§ **AIM OF THE TASK**
Once you reach the line with "Remove fence posts" below, copy each line exactly, stopping after the line with "Black Floral Print", and skip any pictures.

§ **INPUT RECORDS**

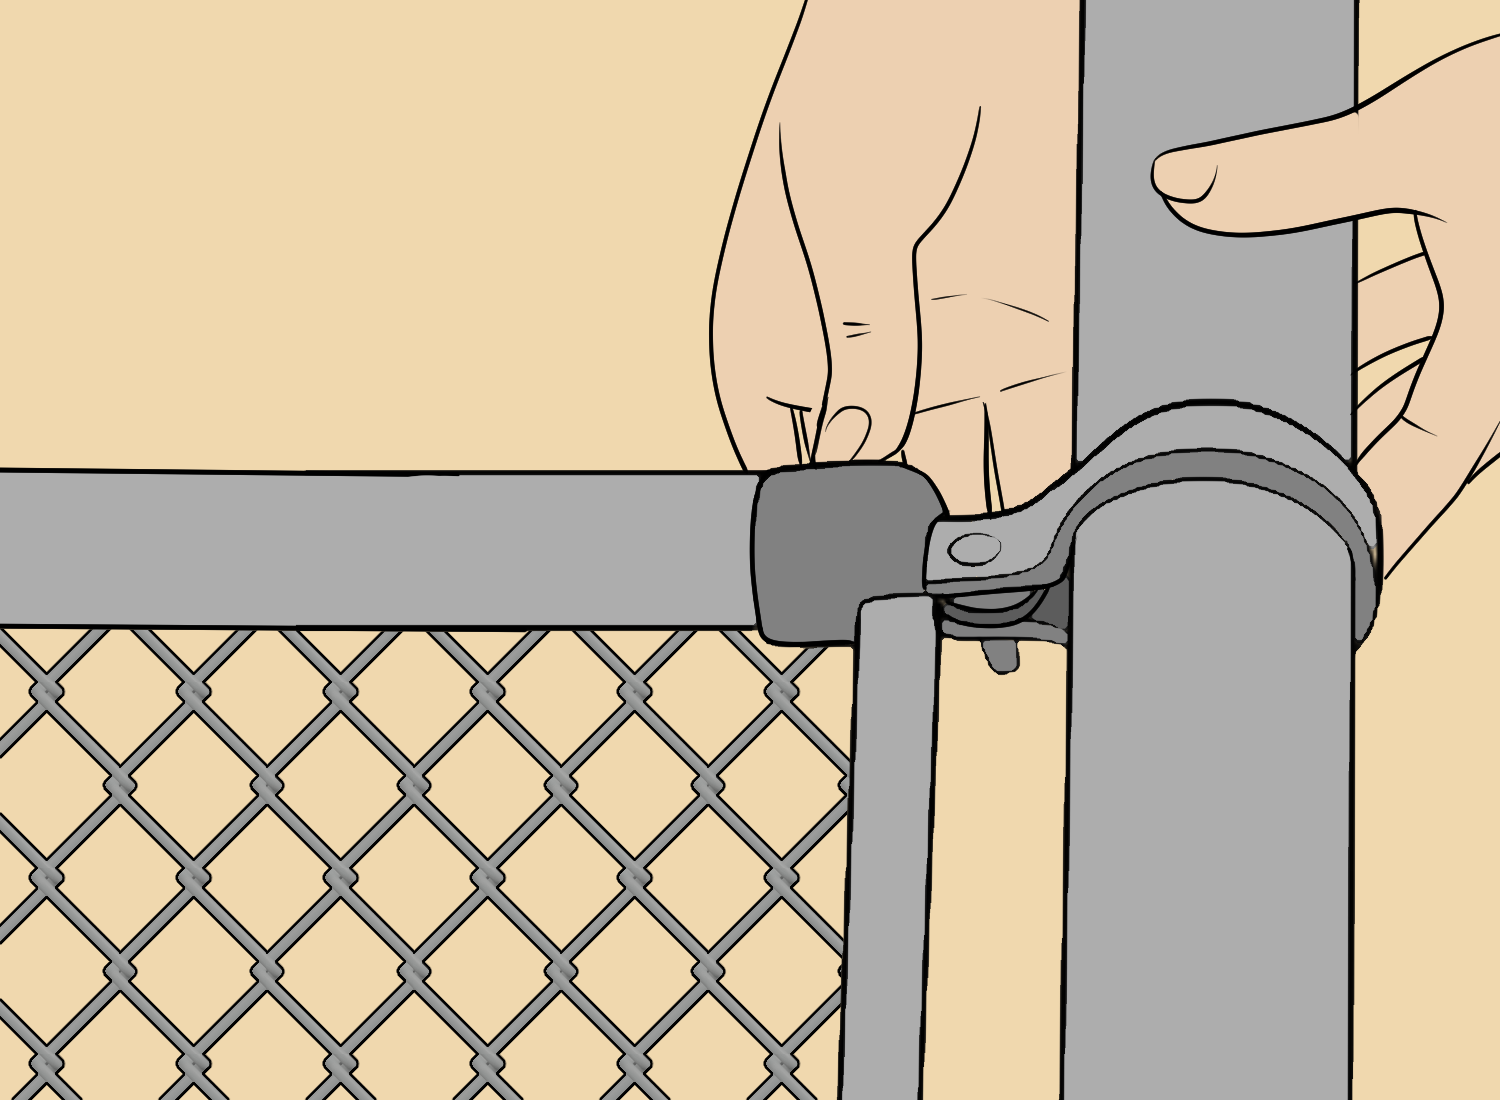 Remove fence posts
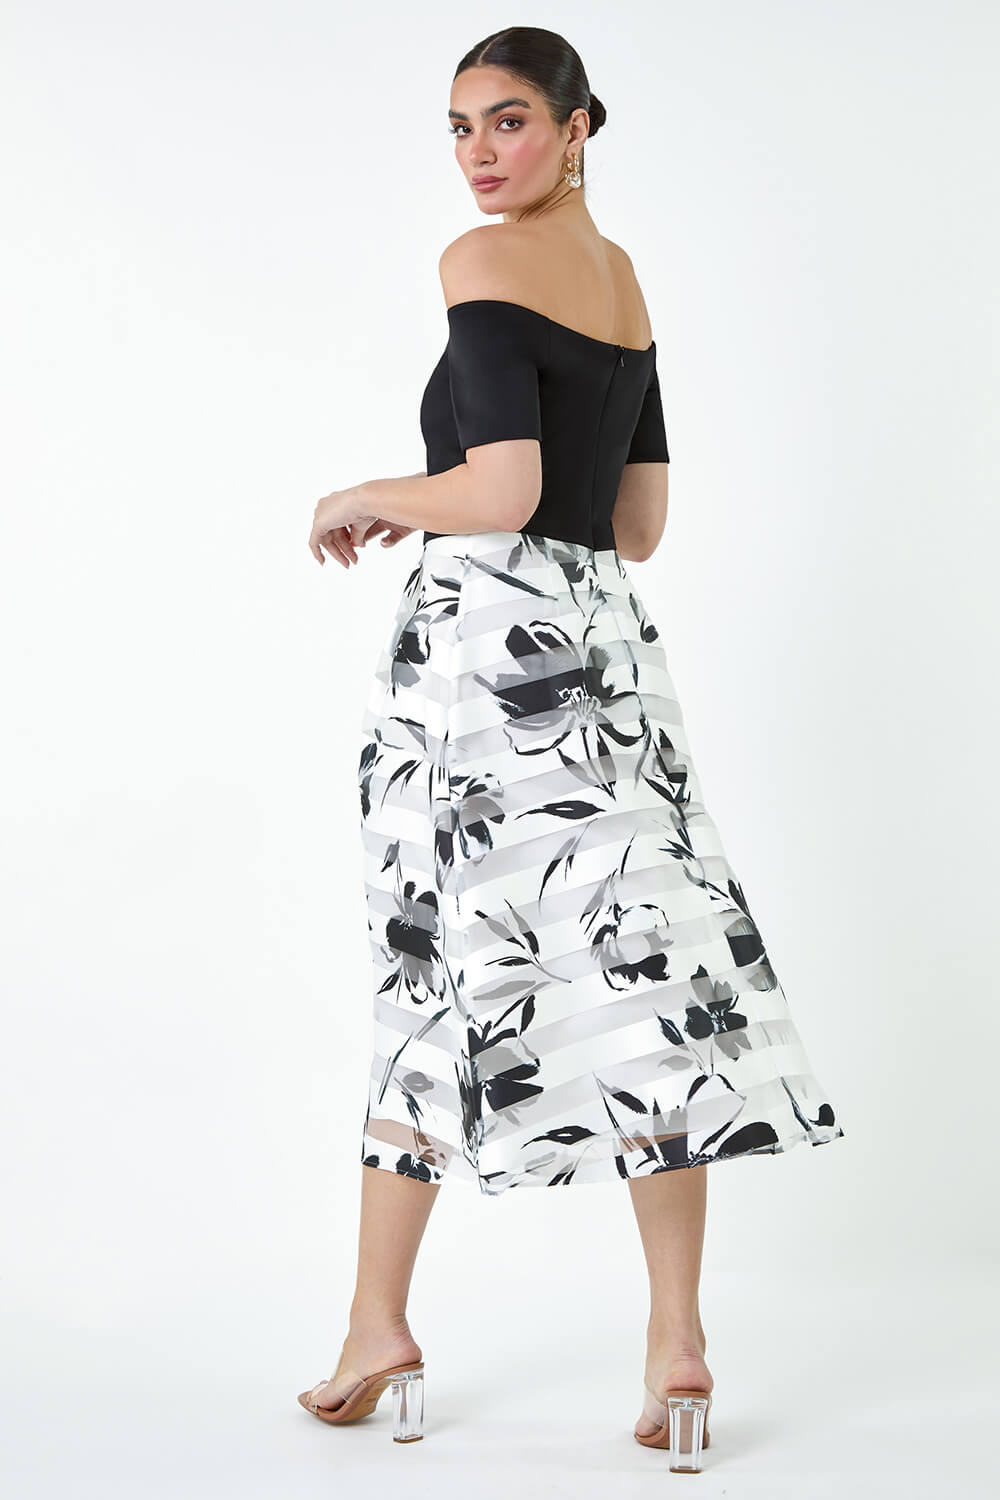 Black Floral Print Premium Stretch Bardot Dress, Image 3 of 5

==

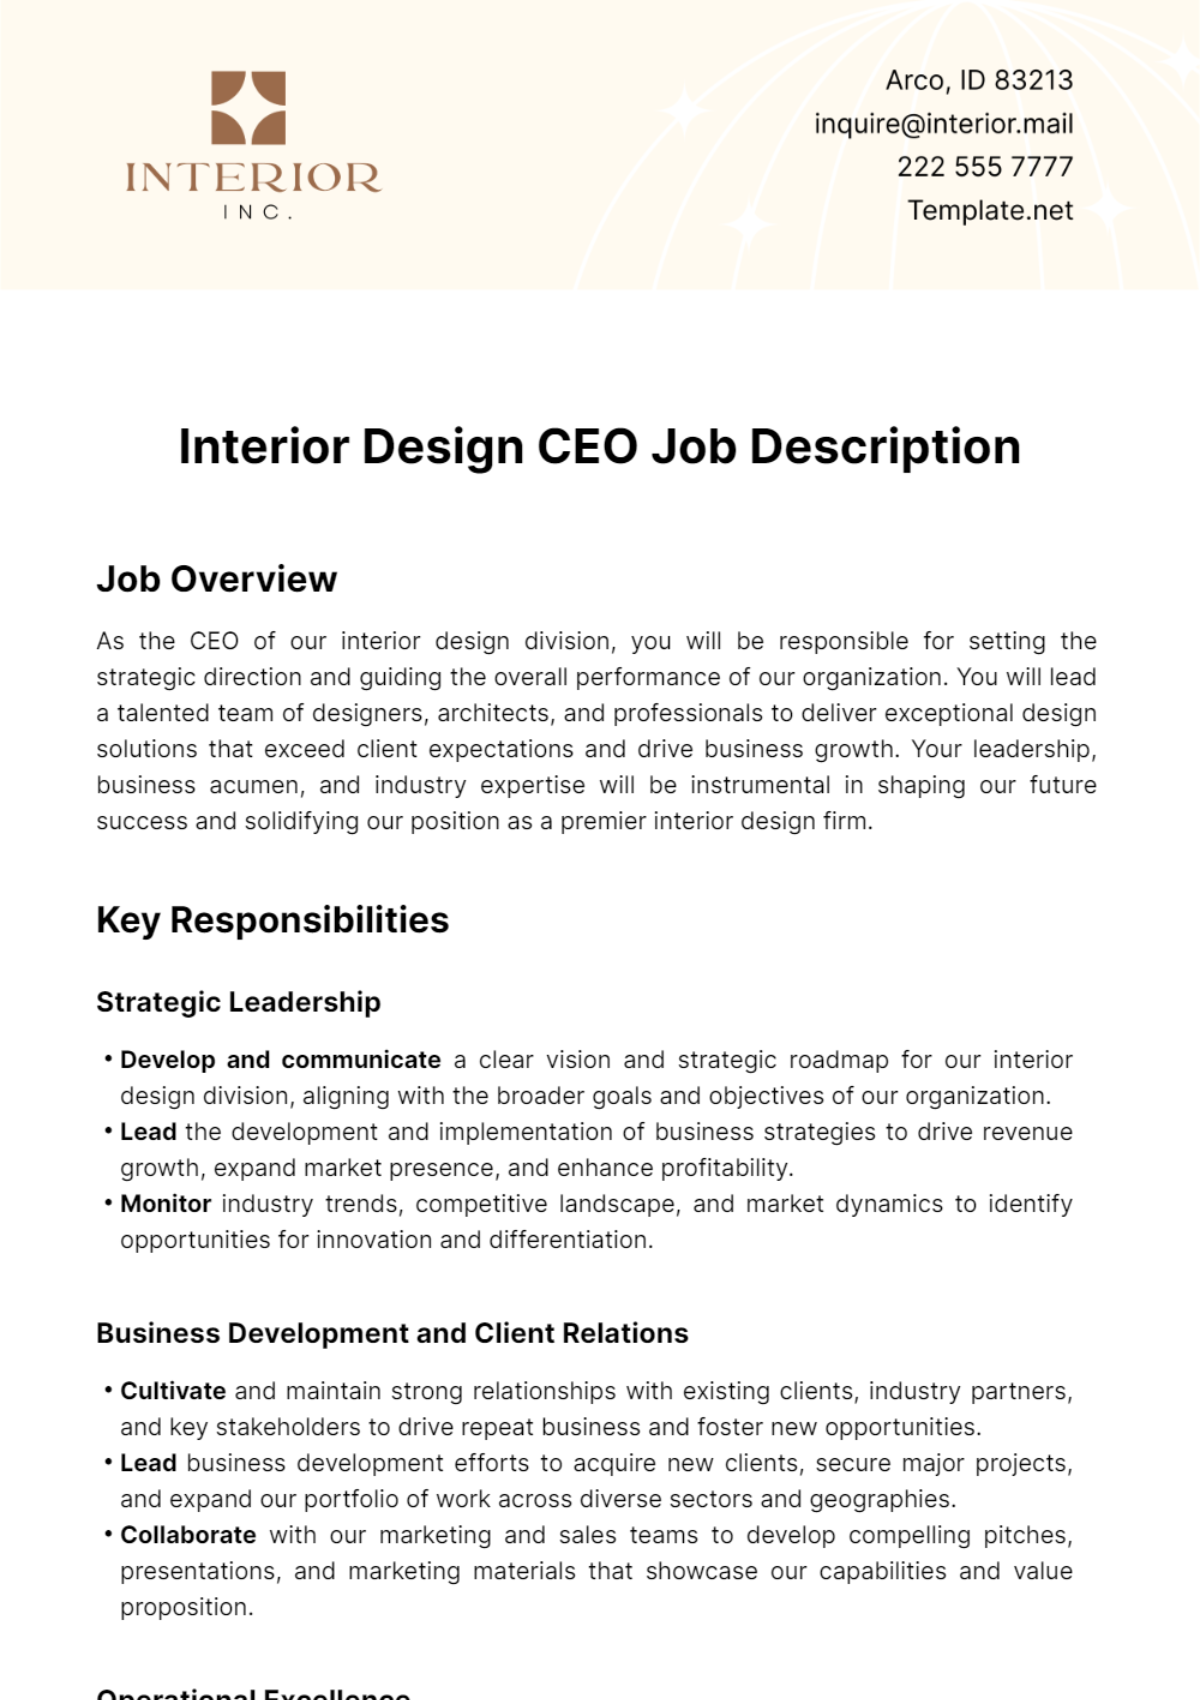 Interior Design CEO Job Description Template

§ **RESPONSE**
 Remove fence posts
 Black Floral Print Premium Stretch Bardot Dress, Image 3 of 5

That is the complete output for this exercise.